Crisis averted! Good job Euca! Now what he needed was something else to distract them. Something that could steer the conversation away. What it could be… what it could be…

Right!

“Do you want some bread, Mr. Tobias, Mr. Ivar? I made it for Clar, but she was full on kelats.” he said opening his haversack, pulling a little basket. Inside them were four sourdoughs and five sandwiches. Leftover that he meant for Jeanne and Rod. But, oh well...

“Mr. Euca, you don’t have—”

“Thanks!” Ivar chimed. Taking the second biggest one. He smiled at that faux-politeness tactic, suppressing his eye roll. ”Hey your bread looked weird.” the man paused. Pressing his bread in a way that made Euca a bit uncomfortable.

“It’s a sourdough, our family secret recipe,” he said, suppressing the stray thought. “Try it, it’s quite a treat.”

“Wow! What—what’s this?” the man’s jaw hinged, a few specks of bread spurt from his mouth as he turned to his friend, amazed. “Tob, Tob! It’s amazing.”

“Uh? O—okay. Pardon me, Mr. Euca” 

“How! How—how could it be so soft!”

“It’s good, yeah?”

“No that’s not the point you, moron, it’s — Mr. Euca are you a chef?”

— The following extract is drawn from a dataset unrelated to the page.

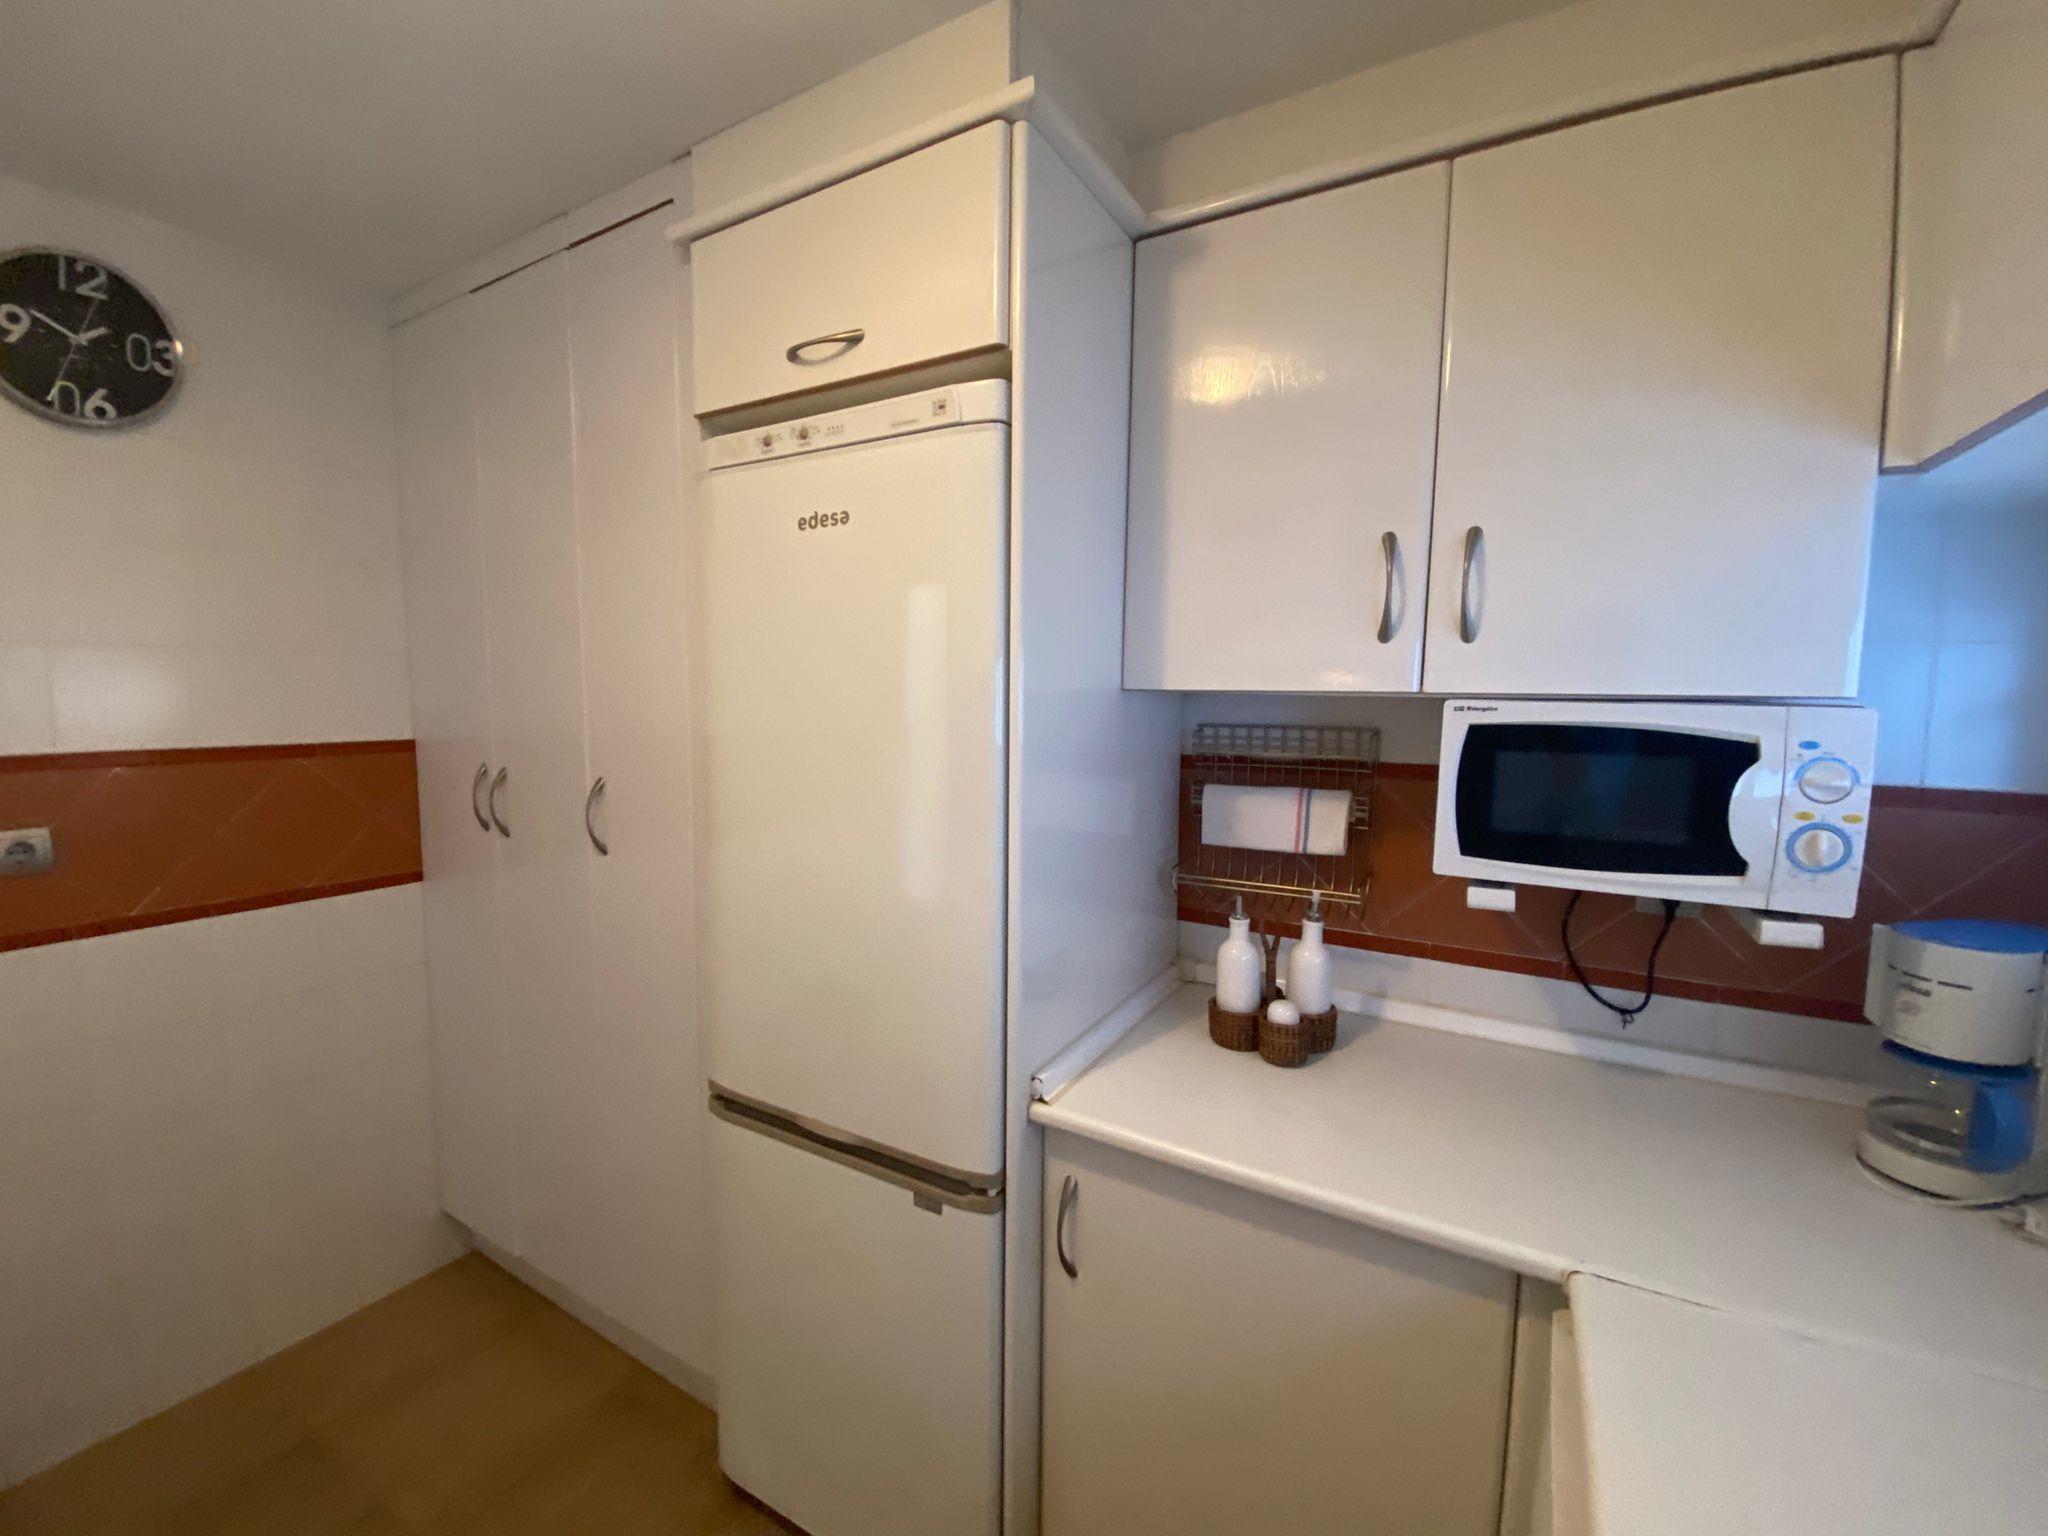 Imagen 24 del Apartamento Turístico, Ático 7 Central (3d+2b), Punta del Moral (HUELVA), Paseo de la Cruz nº22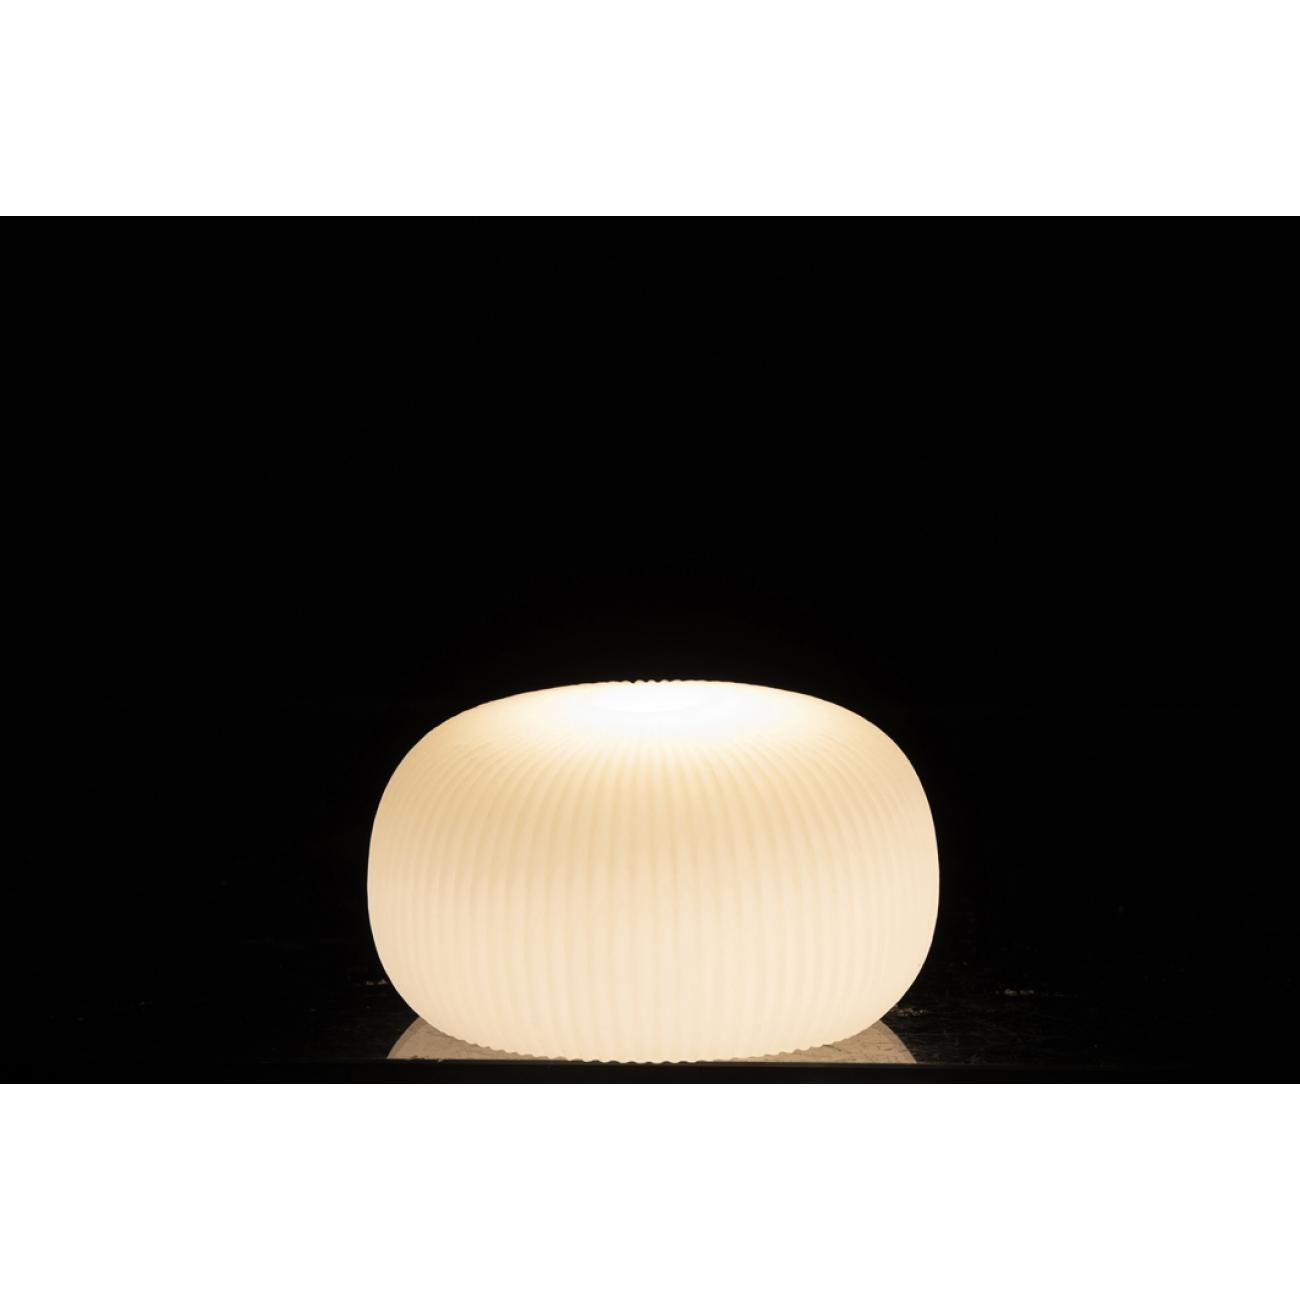 Ночник  J-LINE лед лампа  белая круглая  14 см

“A chef? No, I’m not a— ” Wait. He didn’t exactly have a backstory for his job because well, because he wasn’t supposed to be here in the first place. But chef… Chef was a bit too wide? Let scale it down to a more manageable bit. ”I’m more of a baker.”

“What is that?”

“Well, a baker is someone who ...focused more on the bread. Like the one you eat right now,” he smiled. “It’s bouncy right?” 

“Yes!”

“Mm-hmm. So while chef could make more food. I could do bread better. Try this one, this is called a sandwich.” he said, handing each of them half of the sandwich.

“Light takes me! What is this — this white liquid?” Please don’t call them that… That just mayo...

“Can I have one more?” 

“Sure! It’s all yours!” he said giving the basket to both of them. Clar would be miffed, but the girl already ate tons anyway.

“This is amazing, Euca. Where is your shop? I’ll visit it every day!”

“Well, I’m still in the middle of developing the recipes,” he said. “Also, I haven’t exactly found the right place. So it might take a while before my shop opened.”

“Ah that’s too bad.” said the man, his hand angling to grab another sandwich. But before he could grab it, his hand was slapped by his steaming friend.

“Ivar, you had two!”

“Ugh. Look, look, how about I did ‘that’ if you just let me have—”

“No!” the man glared to his friend, reproaching him. But before he could grab the remaining sandwich, a hand, large and wrinkly grasped it first.

“Oh, what is this, Tobias?” Mr. Donnovan, who had apparently finished his lecture was now munching the sad administrator’s portion of sandwich.

“Mr. Isom, that—that’s...” 

“Hey, this tastes amazing! Joseph, Carol, come here! Tobias got a new kind of food!” 

And that was how and to the sadness of the annoying and loud duo, the unopened Euca’s Bakery became popular.